Effects of curing conditions with different temperature and humidity on damage evolution of concrete during freeze-thaw cycling

To clarify the relationship between the curing conditions (temperature and humidity) of concrete and its frost resistance, several concretes with different water-binder (w/b) ratios and curing conditions were investigated by observing their microstructural damage in a freeze-thaw (F-T) environment using nuclear magnetic resonance (NMR). The results reveal that the curing temperature and humidity significantly influence the pore distribution and porous quality of concrete. With the decrease of the curing temperature and humidity and the increase of the w/b ratio, the proportion of macropores (0.05 mu m < r < 1 mu m) and microcracks (r >= 1 mu m) significantly increases. Compared with standard curing, the proportion of macropores and microcracks in concrete under the curing conditions of 10 degrees C-RH70% and 3 degrees C-RH50% increased by 16.21% and 26.71% respectively, while the frost resistance of concrete decreased. With the increase of the F-T cycles, the proportion of macropores and microcracks in concrete increased, the proportion of micropores (r < 0.01 mu m) and mesopores (0.01 mu m < r < 0.05 mu m) decreased, and the T-2 spectrum curve gradually moved to the right.
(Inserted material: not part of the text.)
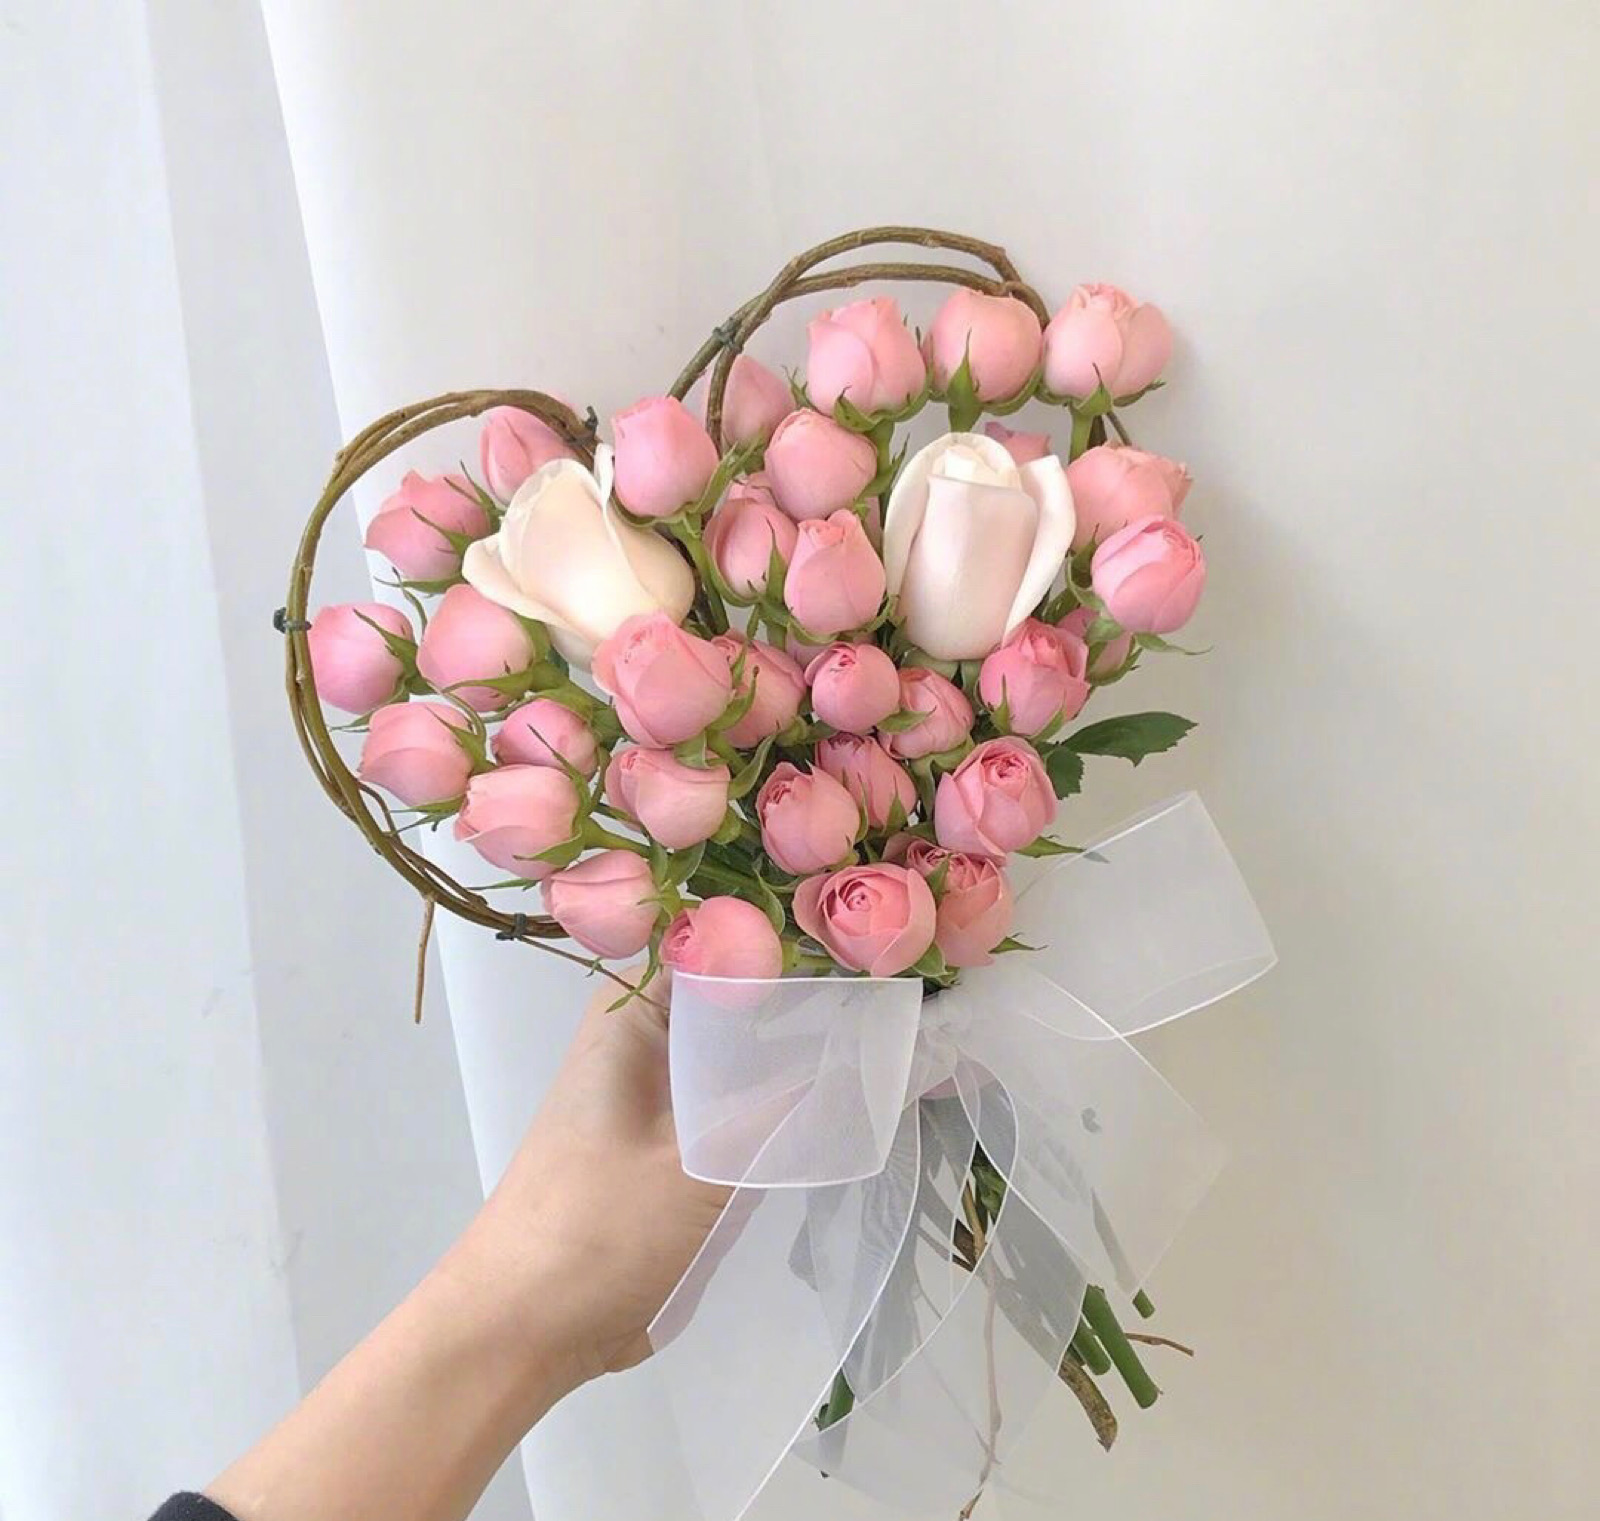 心形玫瑰花束属于春天和少女的淡粉色心形花束用心准备让鲜花礼物更有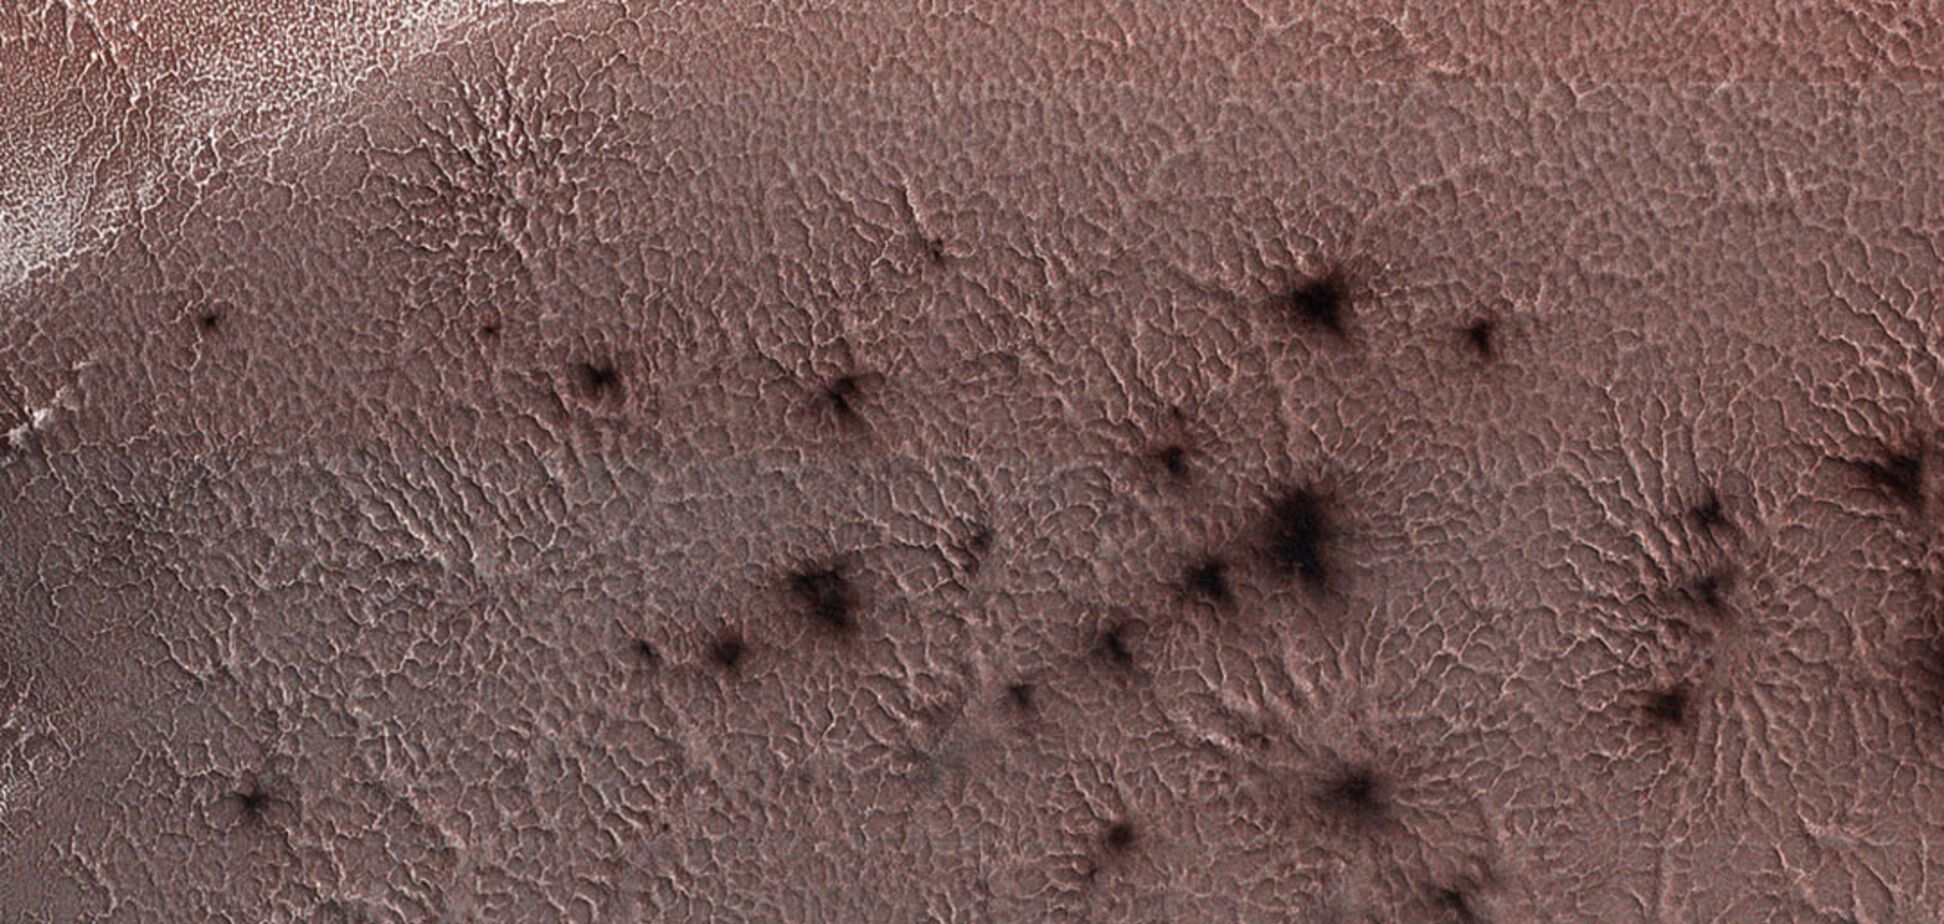 Огромные 'пауки' на поверхности: NASA показало странные фото с Марса

Notably, the above-mentioned microstructure changes are reflected in the relative dynamic elastic modulus (RDEM). The total ratio of mesopores to macropores significantly influences the damage degree of concrete. Compared with the increase of the w/b ratio, the lack of curing temperature and humidity have greater influence on the frost resistance of concrete. The RDEM of concrete decreases with the increase of the F-T cycles, which is consistent with the change of the microcrack proportion.